Additional Considerations:
- You are allowed to use up to 40GB of GPU VRAM if necessary for your implementation.
- You may create as many additional functions as needed to support your implementation.
- You may use additional libraries if required, but ensure they are imported properly.
- Provide clear comments in your code to explain your rotation detection logic.

Testing:
- Test your implementation with various types of PDFs to ensure its robustness and generalizability.
- The main script provides a way to test your implementation on a file named "grouped_documents.pdf".

Note:
The task involves determining the rotation angle only. The actual rotation of the pages is not required in this implementation.

In [None]:
### This is a deep learning based approach, logic behind:

# 1. Train a model for orientation detection: 
# - need some data for training a deep learnign model classifying the orientation, i.e., exemplary scans available at IDM or otherwise, some publicly available data sets that are labeled according to their orientation
# - draw on some pre-trained models like ResNet18 with a modified output layer because here we have multiclass classification (4 categories since the page may be upright, turned-right, upside-down, turned-left)
# - define loss and optimizer
# - train model, i.e., initialize, feed forward, backward pass, update parameters until convergence or max of epochs is reached
# - save model
# 
# 2. Use trained model to classify orientation of the PDF document input
# - PDF page as input
# - render page as image and use it as input for the trained model, the model then maps the input to a 4-category output corresponding to the angles


import torch
import torch.nn as nn
import torch.optim as optim
from torchvision import datasets, models, transforms
from torch.utils.data import DataLoader
import os

# Define data transforms for training and validation
data_transforms = {
    'train': transforms.Compose([
        transforms.Resize((224, 224)),
        transforms.RandomRotation(30),
        transforms.RandomHorizontalFlip(),
        transforms.ToTensor(),
        transforms.Normalize([0.485, 0.456, 0.406], [0.229, 0.224, 0.225])
    ]),
    'val': transforms.Compose([
        transforms.Resize((224, 224)),
        transforms.ToTensor(),
        transforms.Normalize([0.485, 0.456, 0.406], [0.229, 0.224, 0.225])
    ]),
}

# Define dataset paths
data_dir = 'path_to_dataset' # possibly some labeled data is already available at IDM? Otherwise, it is also possible to look out for publicly available labeled data sets for orientation 
image_datasets = {x: datasets.ImageFolder(os.path.join(data_dir, x), data_transforms[x])
                  for x in ['train', 'val']}

# Data loaders
dataloaders = {x: DataLoader(image_datasets[x], batch_size=32, shuffle=True, num_workers=4)
               for x in ['train', 'val']}

# Use a pre-trained ResNet model and modify the final layer
model = models.resnet18(pretrained=True)
num_ftrs = model.fc.in_features
model.fc = nn.Linear(num_ftrs, 4)  # 4 classes: 0°, 90°, 180°, 270°

# Define loss function and optimizer
criterion = nn.CrossEntropyLoss()
optimizer = optim.SGD(model.parameters(), lr=0.001, momentum=0.9)

# Training loop
def train_model(model, criterion, optimizer, num_epochs=25):
    best_model_wts = model.state_dict()
    best_acc = 0.0

    for epoch in range(num_epochs):
        print(f'Epoch {epoch}/{num_epochs - 1}')
        print('-' * 10)

        for phase in ['train', 'val']:
            if phase == 'train':
                model.train()  # Set model to training mode
            else:
                model.eval()   # Set model to evaluate mode

            running_loss = 0.0
            running_corrects = 0

            for inputs, labels in dataloaders[phase]:
                inputs = inputs.cuda()
                labels = labels.cuda()

                # Zero the parameter gradients
                optimizer.zero_grad()

                # Forward
                with torch.set_grad_enabled(phase == 'train'):
                    outputs = model(inputs)
                    _, preds = torch.max(outputs, 1)
                    loss = criterion(outputs, labels)

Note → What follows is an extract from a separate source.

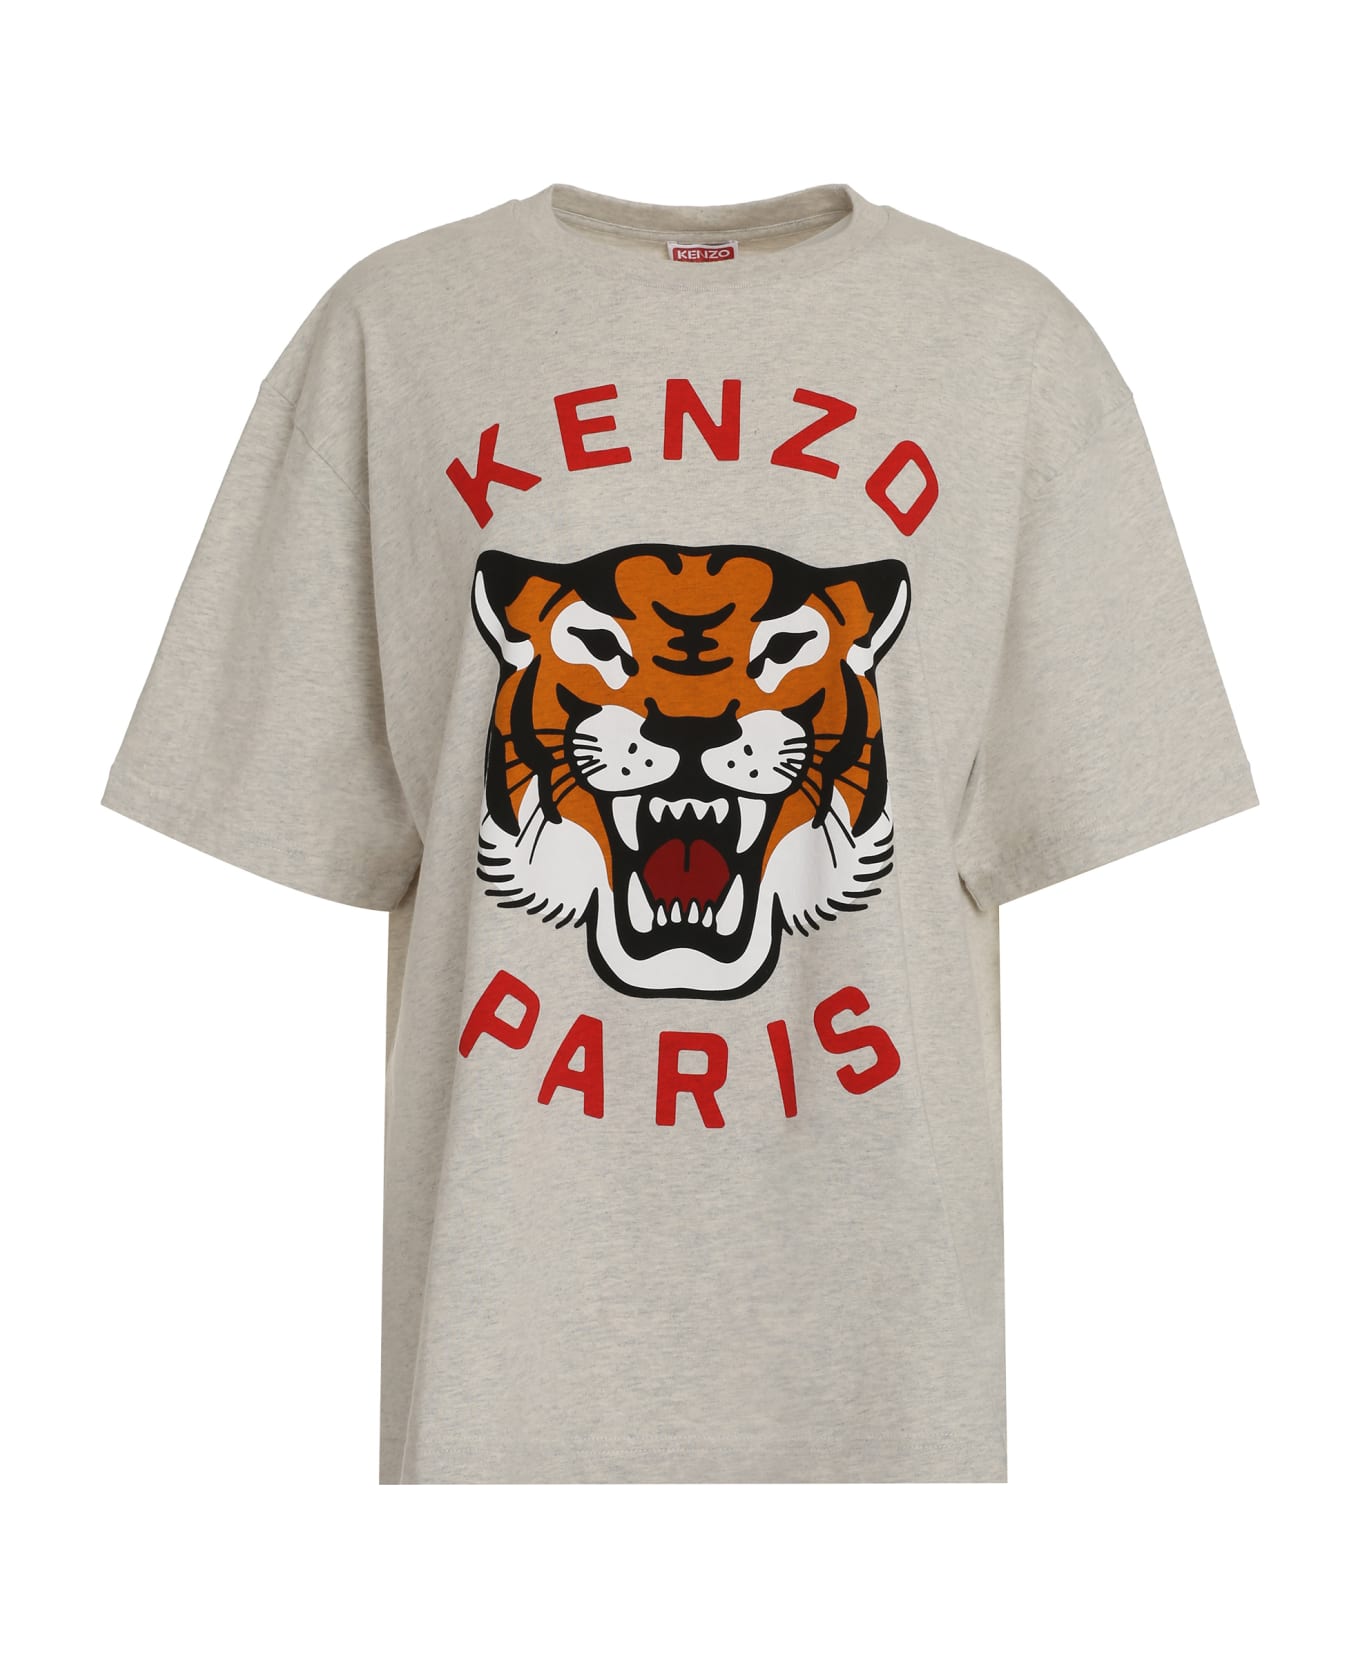 Kenzo Cotton Crew-neck T-shirt - Pale Grey

                    # Backward + optimize only if in training phase
                    if phase == 'train':
                        loss.backward()
                        optimizer.step()

                # Statistics
                running_loss += loss.item() * inputs.size(0)
                running_corrects += torch.sum(preds == labels.data)

            epoch_loss = running_loss / len(image_datasets[phase])
            epoch_acc = running_corrects.double() / len(image_datasets[phase])

            print(f'{phase} Loss: {epoch_loss:.4f} Acc: {epoch_acc:.4f}')

            # Deep copy the model
            if phase == 'val' and epoch_acc > best_acc:
                best_acc = epoch_acc
                best_model_wts = model.state_dict()

    print(f'Best val Acc: {best_acc:.4f}')
    model.load_state_dict(best_model_wts)
    return model

# Move model to GPU if available
model = model.cuda()

# Train the model
model = train_model(model, criterion, optimizer, num_epochs=10)

# Save the trained model
torch.save(model.state_dict(), 'orientation_model.pth')


In [None]:
# actually classify the PDFs using the trained model 

def determine_rotation_angle(page):
    """
    Determines the rotation angle of a given PDF page object using the trained deep learning model.
    
    Args:
        page (PdfReader.PageObject): A single page object from the PDF.
    
    Returns:
        int: The rotation angle in degrees needed to make the page upright (0, 90, 180, 270).
    """
    try:
        # Render page to an image using PIL
        page_image = render_pdf_page_to_image(page)
        
        # Apply image transformations and prepare for model input
        input_image = transform(page_image).unsqueeze(0)  # Add batch dimension
        
        # Load the trained model
        model = OrientationModel()
        model.load_state_dict(torch.load("orientation_model.pth"))
        model.eval()

        # Move to GPU if available
        input_image = input_image.cuda()
        model = model.cuda()
        
        # Predict the orientation using the deep learning model
        with torch.no_grad():
            outputs = model(input_image)
            _, predicted = torch.max(outputs, 1)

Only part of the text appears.